Reservists, or those in the National Guard who were deployed, may find difficulties being hired or rehired. Typically, they signed up for limited service time, usually on select weekends. Yet, many guardsmen and reservists found themselves deployed, sometimes more than once.

“Businesses don’t want to hire you anymore because you keep getting redeployed,” Croft says. He adds that, technically, they cannot be fired from their previous jobs, but are sometimes pushed out in other ways. In addition, they do not have the same benefits and job security as their full-time military colleagues.

Croft finds that the fear of post-traumatic stress disorder, or PTSD, also causes employers to pause before hiring veterans.

“Are they going to come in and blow the place up?” Croft says as an example of an employer’s worry. He adds that the reported ambush by Army Sergeant Robert Bales in Afghanistan — which involved shooting and stabbing several men, women and children — makes employers even more cautious about veterans, especially those with PTSD.

“Unless we educate employers about PTSD, it could backfire,” he says. ”[Those killings] are not simply PTSD. Something else went on with Sergeant Bales. I don’t want an employer to get the idea not to hire a veteran because they’re going to behave like him.”

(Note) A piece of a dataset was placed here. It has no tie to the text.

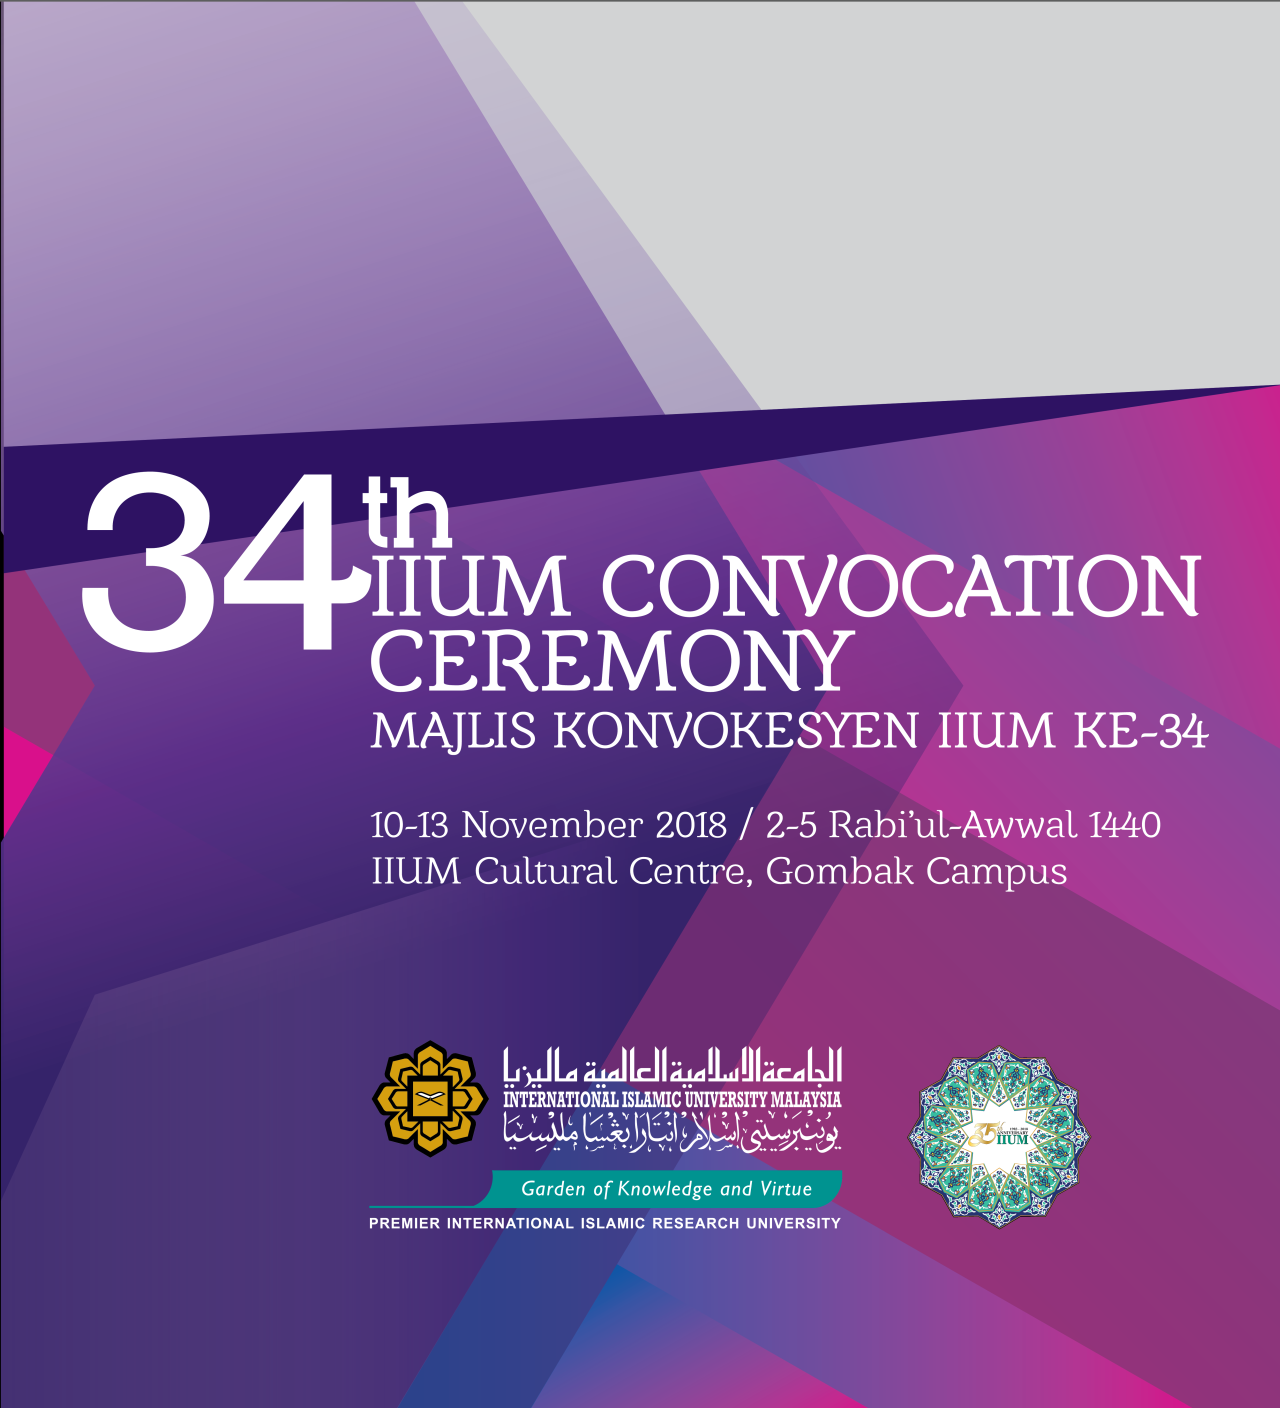 IIUM 34th Convocation

Croft says that PTSD does pose some unique problems, but they can be managed by an informed employer, and a mutually-beneficial working environment can ultimately be created.

With a recent push toward hiring veterans — such as Disney’s Heroes Work Here, which aims to hire at least 1,000 veterans over the next 3 years — the unemployment rate has already dropped to 7.6 this February.

“The cool thing is to hire veterans now. It’s patriotic, it’s cool. But, why do you want to hire vets?” Croft asks, “If you want to hire veterans because they have a skill set that will really help your business, that’s better.”

Hiring veterans into work cultures similar to the military is one consideration, says Croft. He also suggests hiring veterans in groups so the newly hired veterans have someone they know, who came from a similar work environment.

Mentoring by veterans who are already in the workplace can help brand new veterans know what they are going to face, he says.

“We’re going to have a ton of vets coming home as this thing winds down,” he says, and reminds us that there is still much work to be done to prepare them, and to understand the effects of these repeated deployments.